**THE PROBLEM**
Look below for the line that has "Obama y Romney"; output exactly from it through the line that has "wedding fireworks by 21CC fireworks", and leave the pictures out.

**RECORDS**

:::

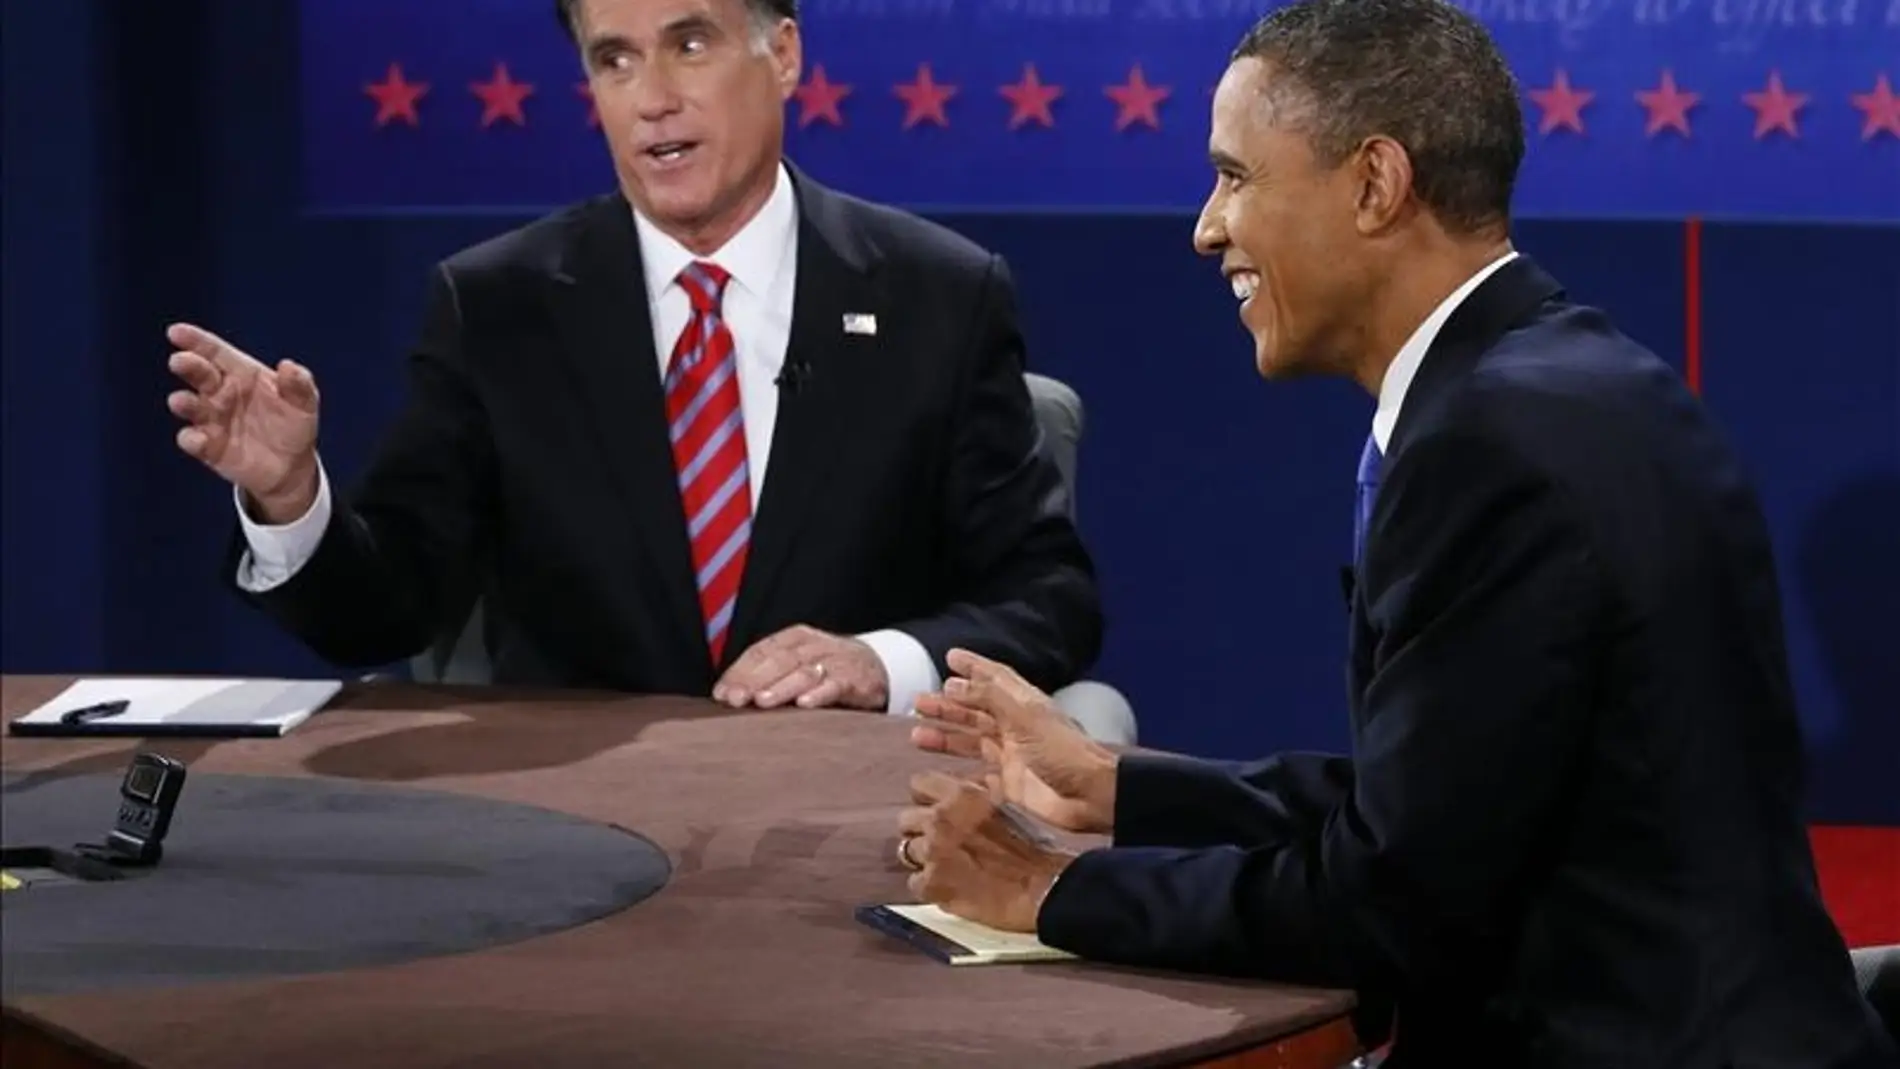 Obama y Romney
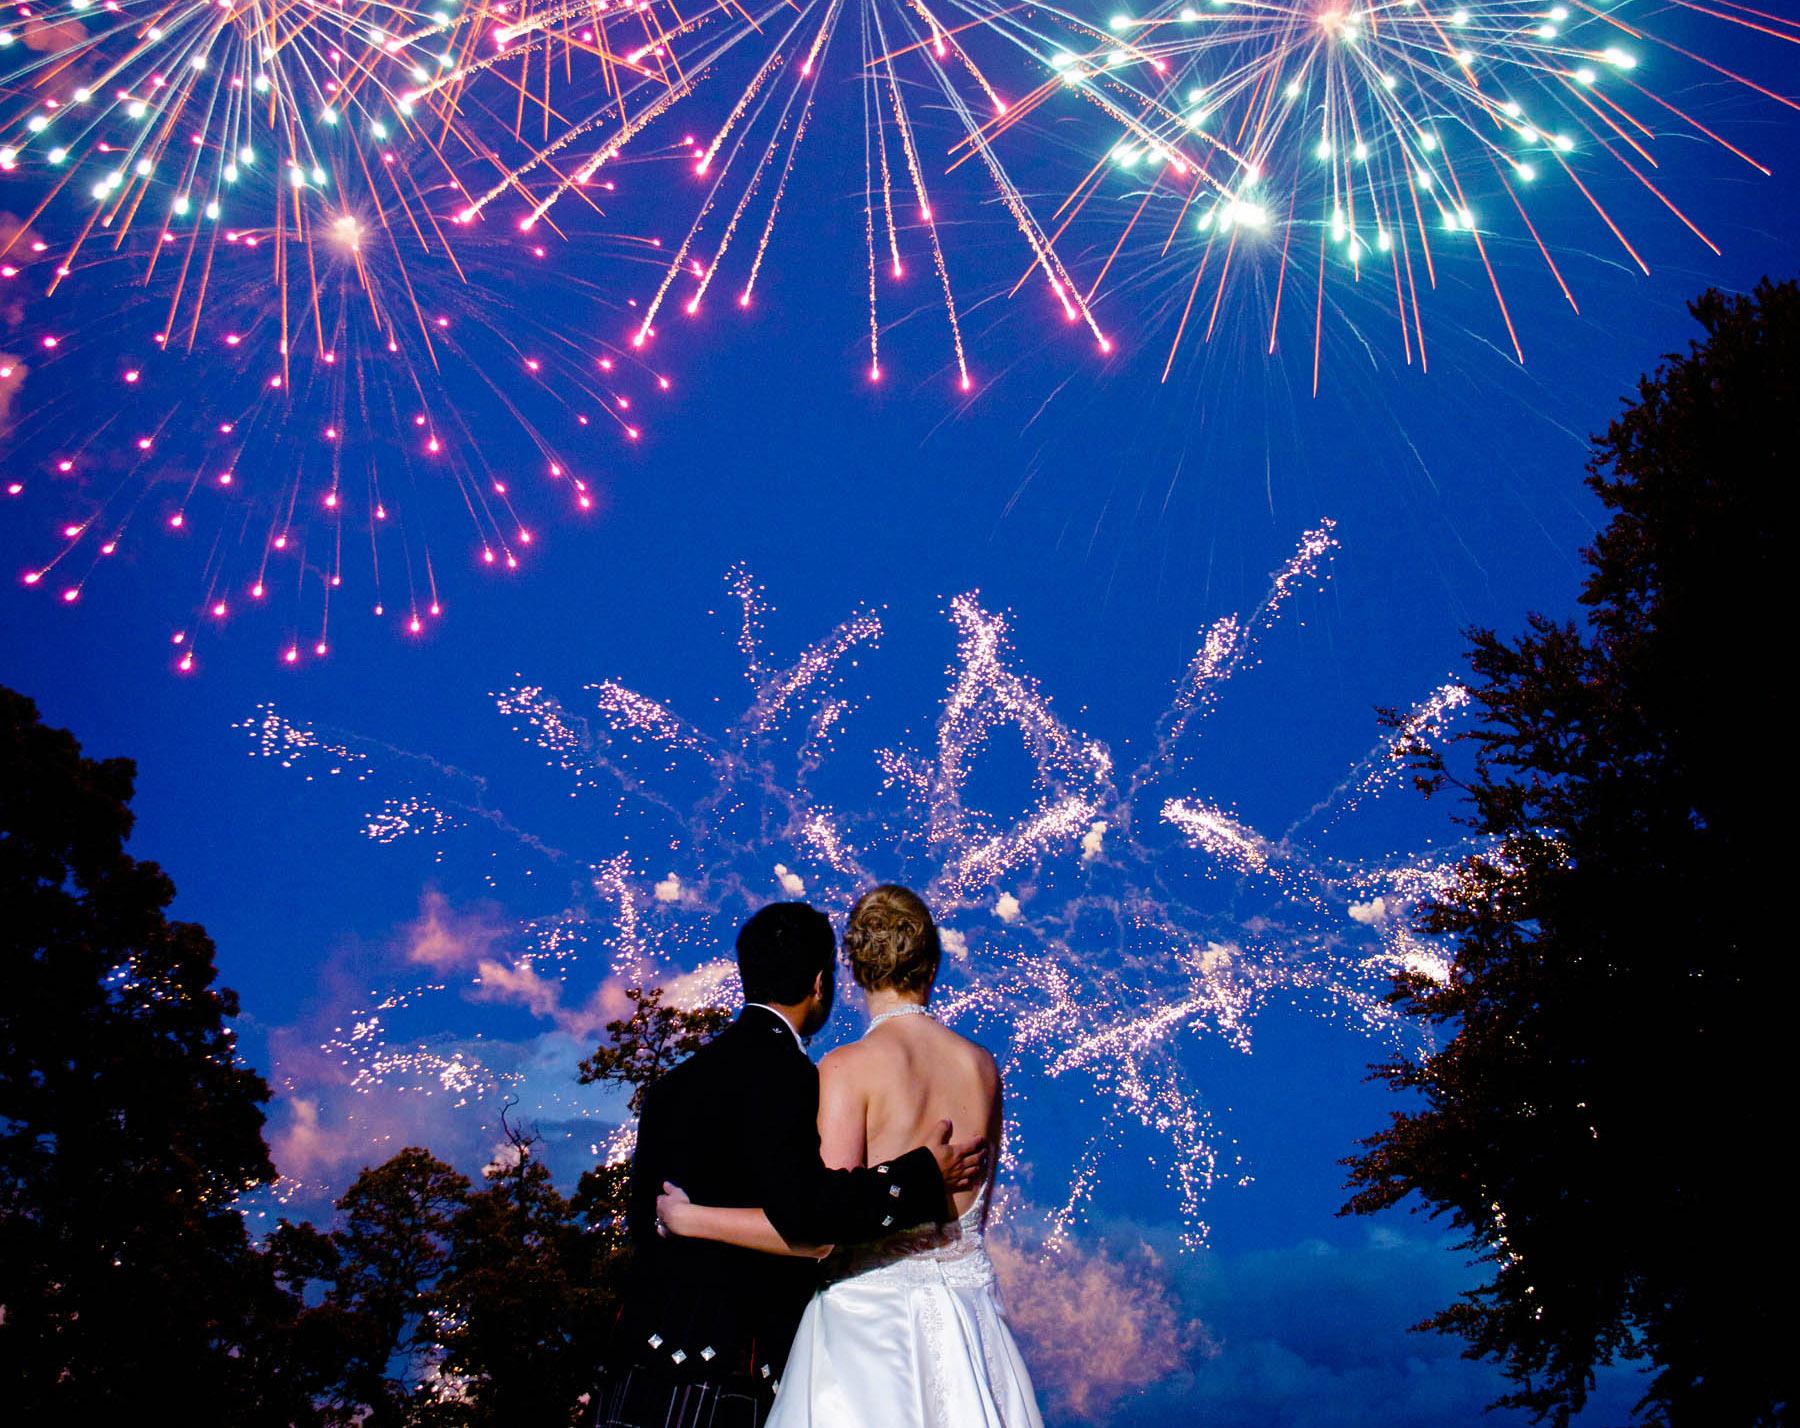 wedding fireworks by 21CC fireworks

:::

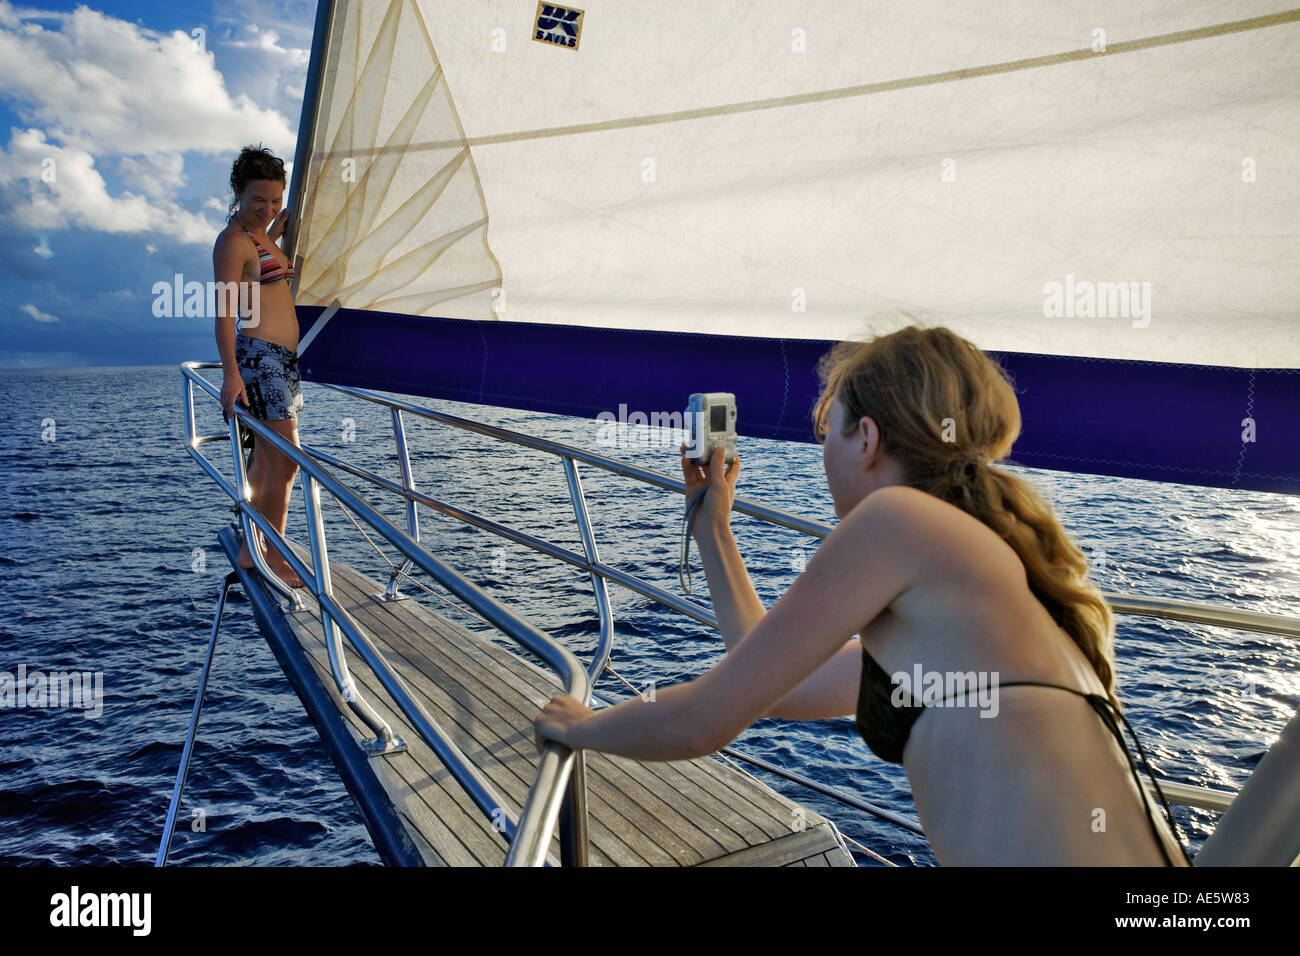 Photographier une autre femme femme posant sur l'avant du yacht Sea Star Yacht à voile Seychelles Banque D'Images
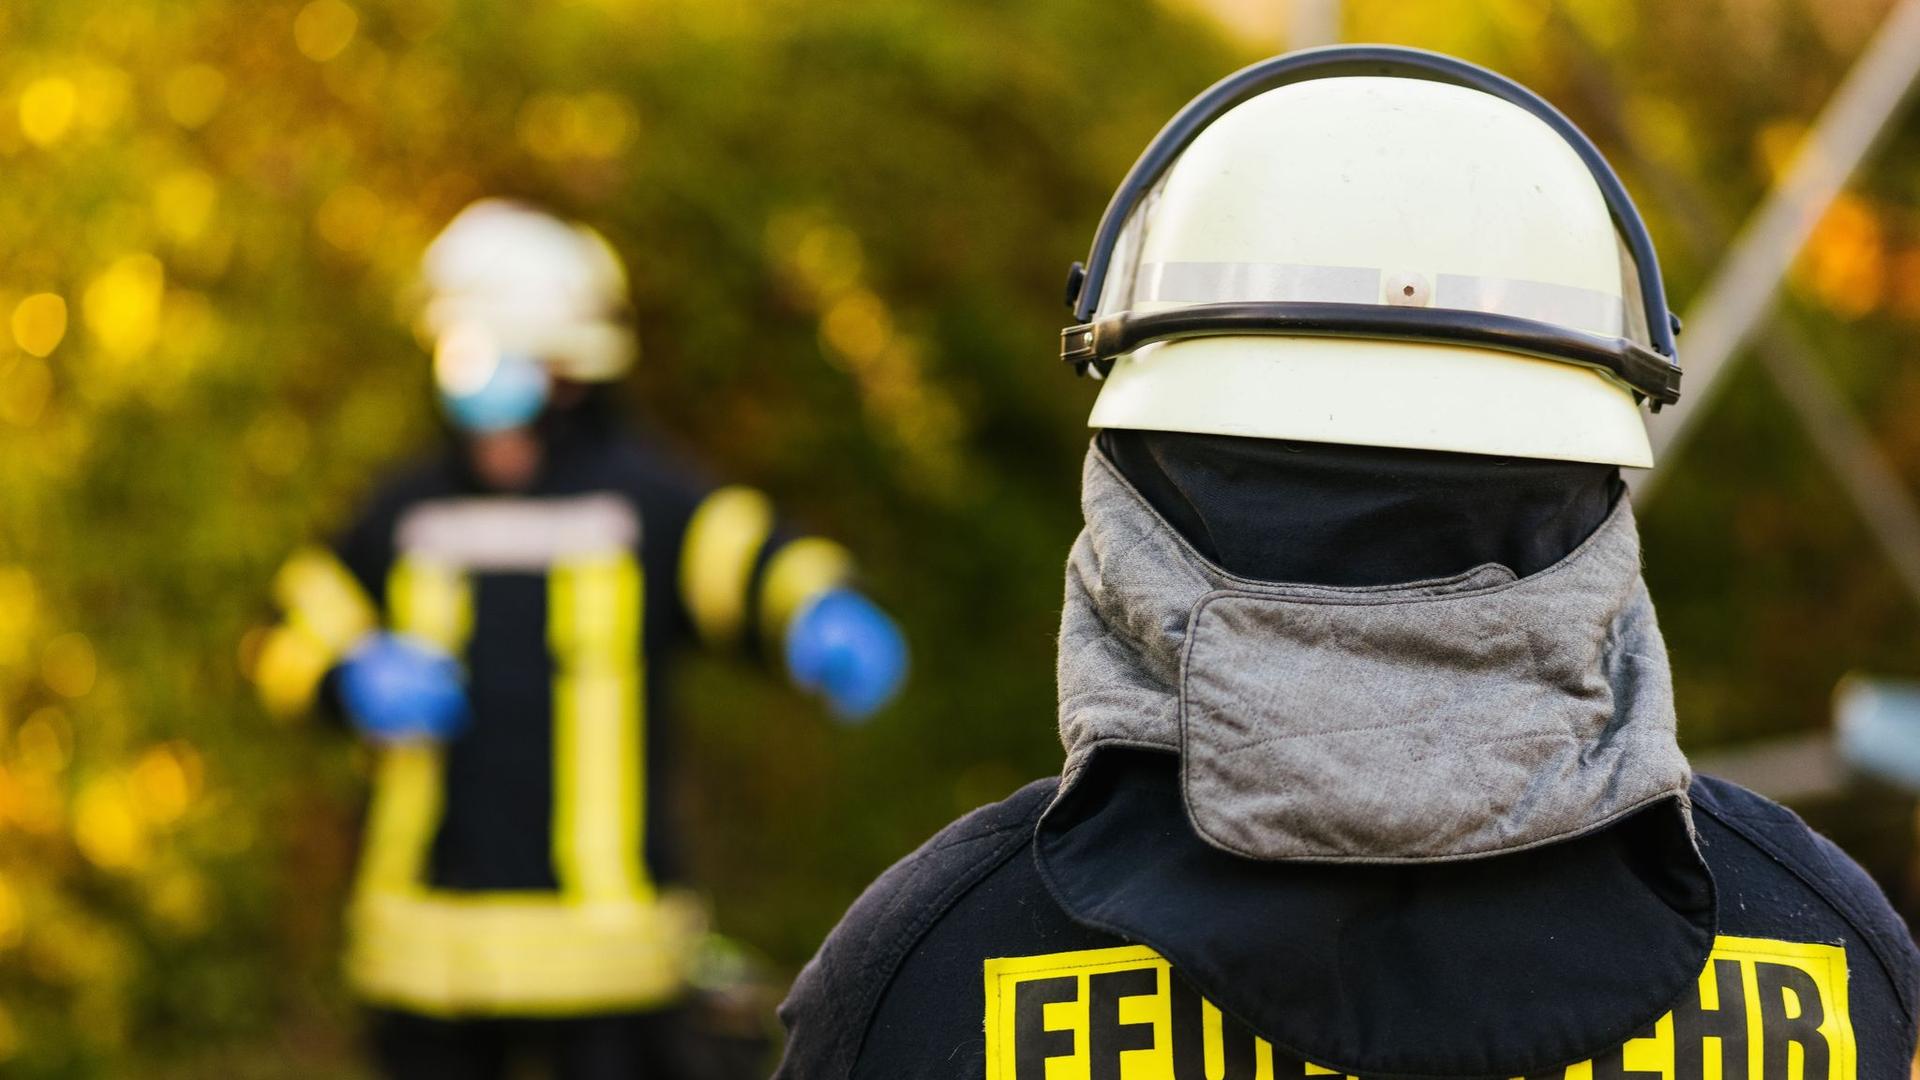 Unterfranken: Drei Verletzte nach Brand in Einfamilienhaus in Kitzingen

:::

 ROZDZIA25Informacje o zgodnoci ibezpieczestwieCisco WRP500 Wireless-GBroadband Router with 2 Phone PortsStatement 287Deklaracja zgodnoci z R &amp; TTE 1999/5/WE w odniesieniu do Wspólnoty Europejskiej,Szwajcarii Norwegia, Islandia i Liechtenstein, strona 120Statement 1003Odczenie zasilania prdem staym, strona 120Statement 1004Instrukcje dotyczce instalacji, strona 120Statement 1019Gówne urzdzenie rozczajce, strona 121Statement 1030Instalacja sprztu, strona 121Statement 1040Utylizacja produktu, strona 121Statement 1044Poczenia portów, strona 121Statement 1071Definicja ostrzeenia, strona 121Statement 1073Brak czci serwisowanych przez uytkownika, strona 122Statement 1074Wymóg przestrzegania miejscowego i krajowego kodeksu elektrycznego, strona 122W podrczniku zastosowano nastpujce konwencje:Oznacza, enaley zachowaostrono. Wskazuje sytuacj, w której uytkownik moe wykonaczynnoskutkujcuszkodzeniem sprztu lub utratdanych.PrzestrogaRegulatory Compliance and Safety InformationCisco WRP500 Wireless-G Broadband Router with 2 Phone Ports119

:::

**EXPECTED ANSWER**
 Obama y Romney
 wedding fireworks by 21CC fireworks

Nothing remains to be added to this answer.